One of the most significant crime loss potentials is that of employee dishonesty. Yet many business owners are not aware of just how vulnerable they are of financial loss caused by employees' fraudulent acts.

"They all think it will never happen to them," said Peter Kelley of Kelley's Insurance Associates in Fairbanks.

Lori Wing, senior vice president at Brady & Co. in Anchorage, agreed. "Business owners need to understand it's not just about money," she said. "It can be theft of any kind, including patents, trade secrets, and so on."

Perhaps part of the problem is that business owners are just not aware of the magnitude of the crime. Employee theft is ranked as one of the most underreported crimes in the United States today. Estimates vary, but experts believe it's safe to say that millions of business owners' dollars are siphoned off by dishonest acts of employees every year. "It could put you out of business," Kelley said.

Many are one-time or occasional thefts. However, most large-term losses are caused by long-term schemes, usually committed by a trusted employee, often one who's considered like family. Of course, these are the people usually placed in the best position to steal from your company.

"You want to trust people," said Dan Graves, co-owner and general manager of Valley Sentry Lumber in Juneau. Nevertheless, a sales manager-a 10-year employee described as Graves' right-hand man--was found guilty of second-degree theft in June. Second-degree theft refers to property or services valued at $500 or more and less than $25,000.

The sales manager was helping Graves track down fraudulent credit transfers made by other or former employees. During that time, Graves discovered credits transferred to cards that did not involve those employees. The affidavit alleged this sales manager fraudulently transferred Valley Lumber money to his personal debit or credit card for two-and-a-half years.

It's not unusual for employee dishonesty losses to go undetected for several years. When the Valley Lumber story became public knowledge, Graves said several business owners came forward and said it had happened to them, too.

Valley Lumber can't change its system, according to Graves, but management can monitor staff and assets more closely. "When it gets to the point where you have 30-plus employees, you can't micromanage," he said. "You have to trust someone sometime."

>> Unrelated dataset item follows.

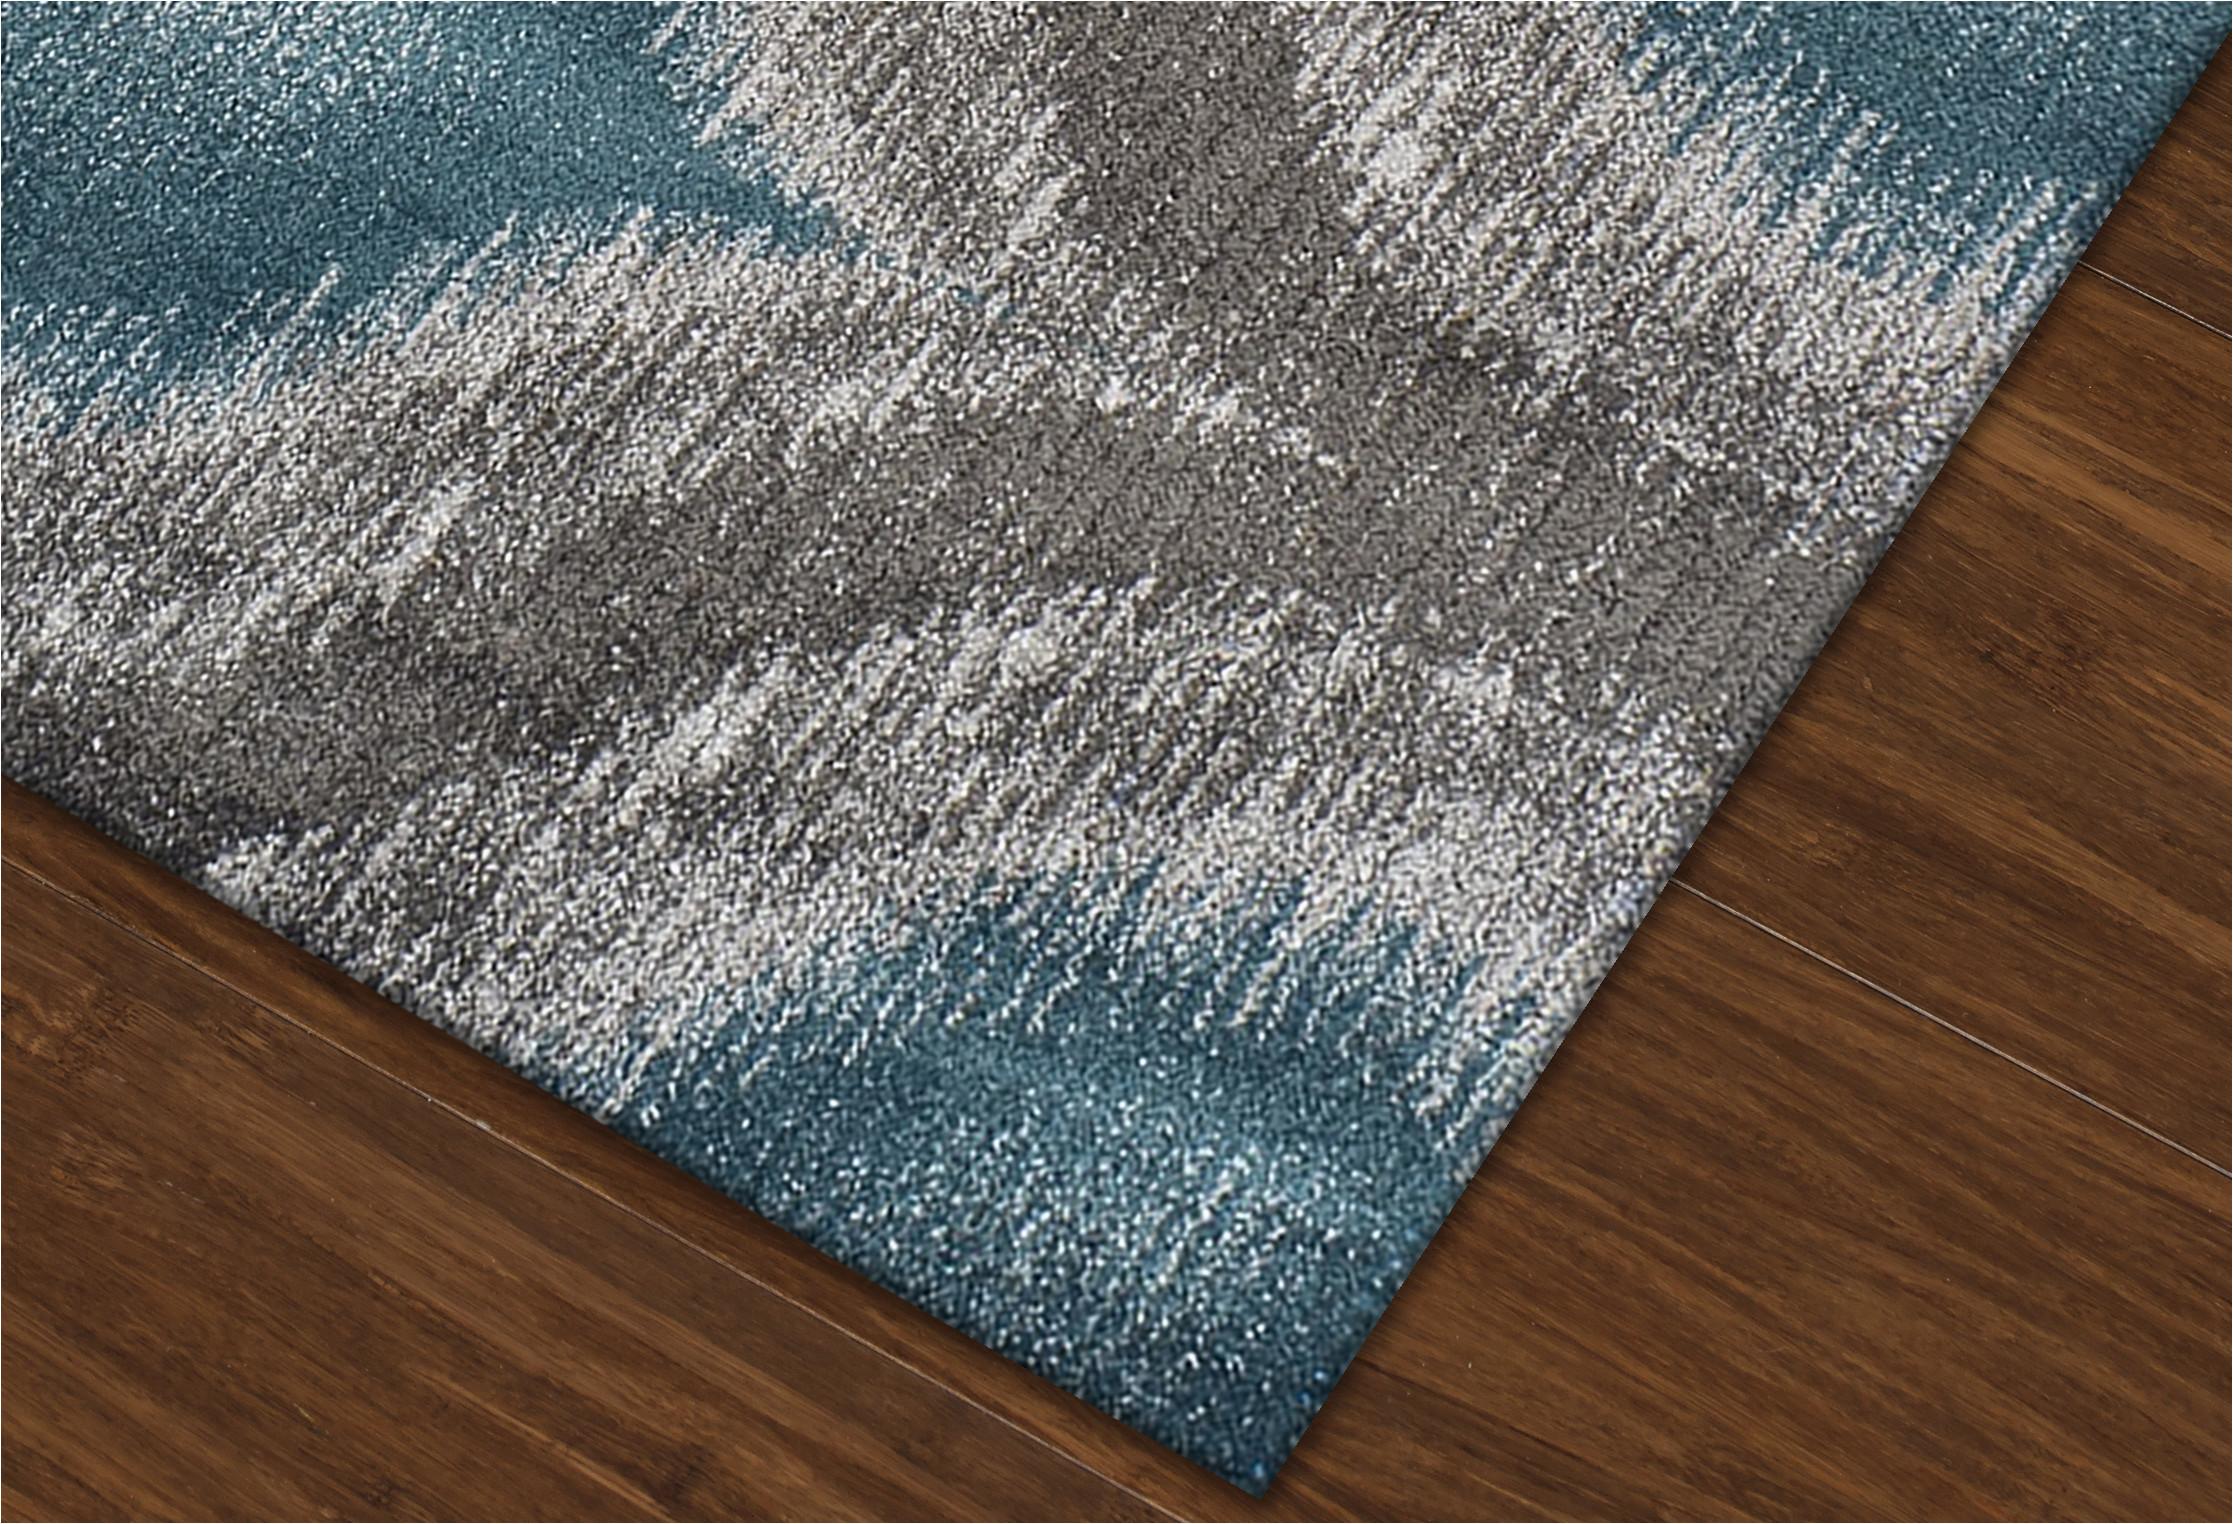 modern grey teal premium polypropylene rug p 1398

Depending on your type of business, losses of nonrecorded assets resulting from activities such as theft from a cash register, pocketing money for which a receipt has not been given, padding of expense accounts, overcharging of fees for services and/or walking off with assets could eventually exceed the value of recorded assets.

In one sense, Valley Lumber was fortunate. Because the loss involved credits instead of cash, the company could track it, and the court ordered restitution. Other problems remain, however. The theft caused some resentment among other employees and has made everyone suspicious. "The money can be replaced," Graves said, "but attitudes are tougher to fix."

Watch for Motivating Factors

Be aware of the causes behind most employee dishonest acts. It's proven that key factors are opportunity, financial or emotional pressure and employee attitude.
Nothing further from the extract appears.